The proposed budget released earlier this week includes a provision that would loosen regulations on companies’ calls to cell phones to allow firms collecting debts owed or guaranteed by the government to call borrowers’ cell phones without their permission.
The budget proposal would be a change to the Telephone Consumer Protection Act, a law passed in 1991 that prohibits companies from using auto-dialing equipment to contact people on their cell phones without their permission.
“It will unleash all of these calls to people who don’t want them,” Margot Saunders, an attorney with the National Consumer Law Center, said of the proposed change.
There are products people can buy to block robo-calls and for many with unlimited cell phone calling plans, extra unwanted calls could simply be an annoyance. But for people who used pre-paid cell phone plans the consequences of phone calls they didn’t ask for could be “potentially devastating,” Saunders said.
“It costs them money and it may reduce their minutes such that their minutes aren’t available when they need them for emergencies,” she said.
Read: 10 things telemarketers won’t tell you
The Obama Administration has argued that loosening the current regulations barring unwanted robo-calls could be beneficial to student loan borrowers at risk of defaulting on their loans. Struggling borrowers often aren’t aware of their options for avoiding default, including a variety of repayment programs that allow borrowers to make payments capped at a percentage of their discretionary income.
Just 56% of borrowers in the standard repayment program are actively paying down their debts; that indicates there may be borrowers who could be making more progress on their loans or avoid defaulting altogether by enrolling in a different repayment program.
The Department of Education argued in a report released earlier this month that allowing companies to contact borrowers on their cell phones, even without their explicit permission, would help borrowers better manage their loans. Navient
one of the biggest servicers of federal student loans, has pointed to a lack of contact as one of the reasons borrowers default on their loans. Jack Remondi, the company’s CEO, noted in a statement at the company’s shareholder meeting earlier this year that 90% of borrowers who defaulted on loans serviced by the company didn’t talk to Navient in the full year before their default.
Servicers may already have access to information to contact borrowers, including mailing addresses or land lines the borrowers provided themselves. But the Department notes that allowing companies to contact borrowers via cell phone would increase the chances they actually reach the borrower because many move often or may no longer have a land line phone.
“Congress should change the law to ensure that servicers can contact borrowers using modern technology and help them get into the right repayment plan and avoid the consequences of default or resolve their default,” the Department of Education noted in its recent report.
The inconvenience of some automated calls surely pales in comparison to the headaches that will follow if a borrower defaults — assuming that they actually listen to and trust the recording — but consumer advocates are concerned about continuous, large-scale outreach, bordering on harassment.
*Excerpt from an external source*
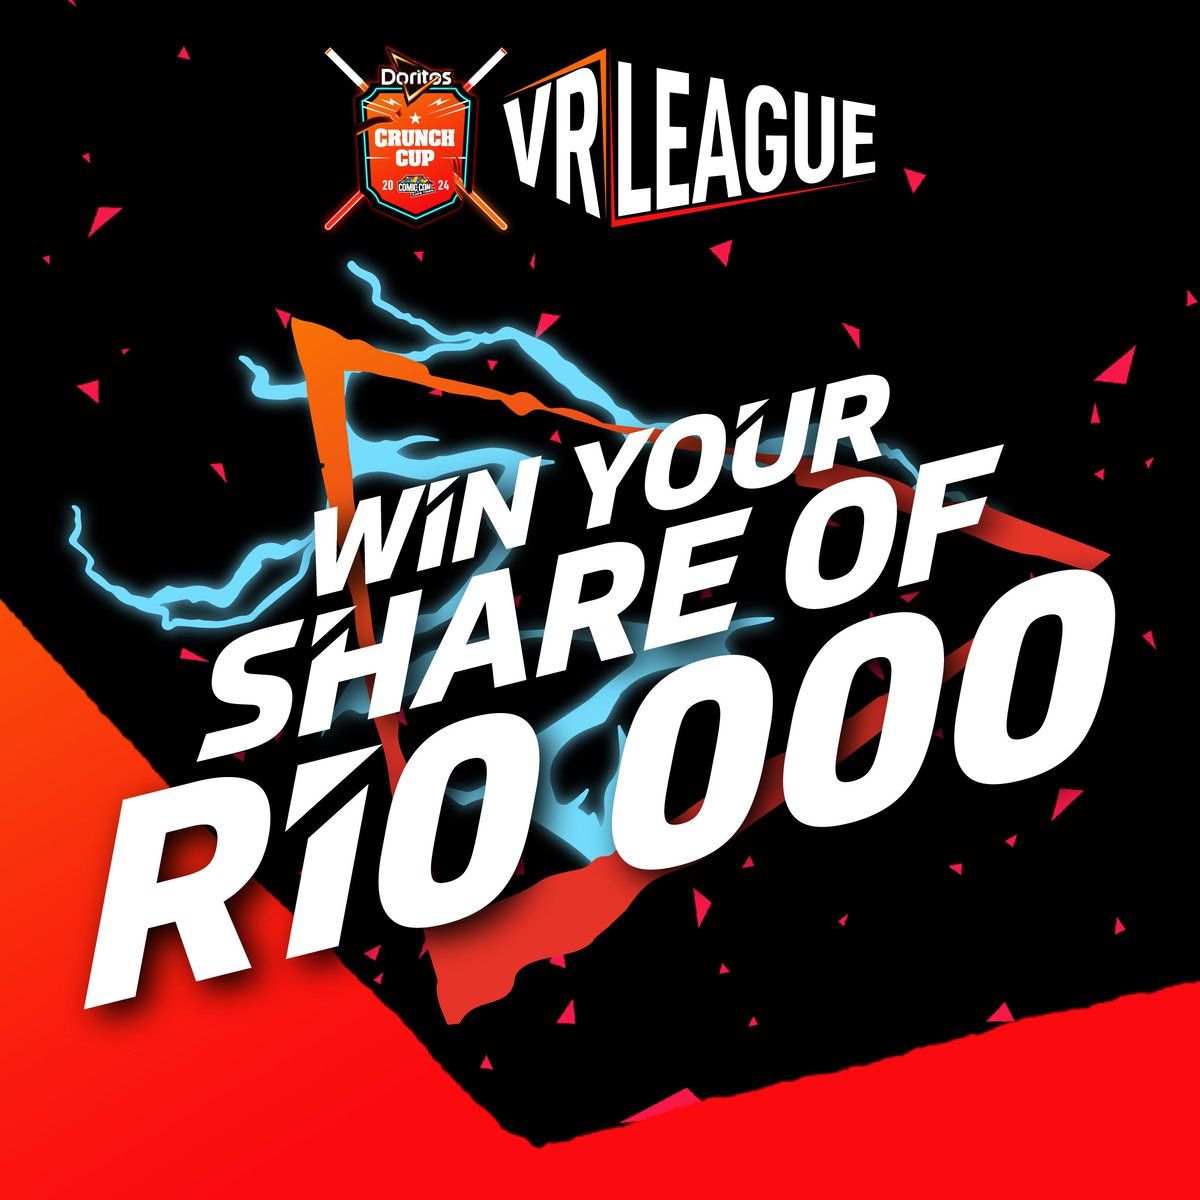 Are you ready for the @DoritosSA VR Beat Saber League! ⚔️ UNLOCK YOUR BOLD and dominate the beats to stand a chance to win your share of R10 000 at #ComicConCapeTown. Head to the Doritos Crunch Zone at #ComicConCapeTown. Free-To-Play on All Con days. comicconafrica.co.za/dcc/

The National Consumer Law Center is aware of cases where a company has called a borrower or someone who was simply reassigned their phone number hundreds of times, even after being asked to stop, Saunders said. The organization is pushing for an amendment to the budget bill, which would ensure that under the new rules a company would be required to stop calling a cell phone user if they told the company to stop. “We want to make sure that consumers who say stop — whether they’re debtor or they’re someone else — that that is sufficient to require the caller to stop making the call,” she said.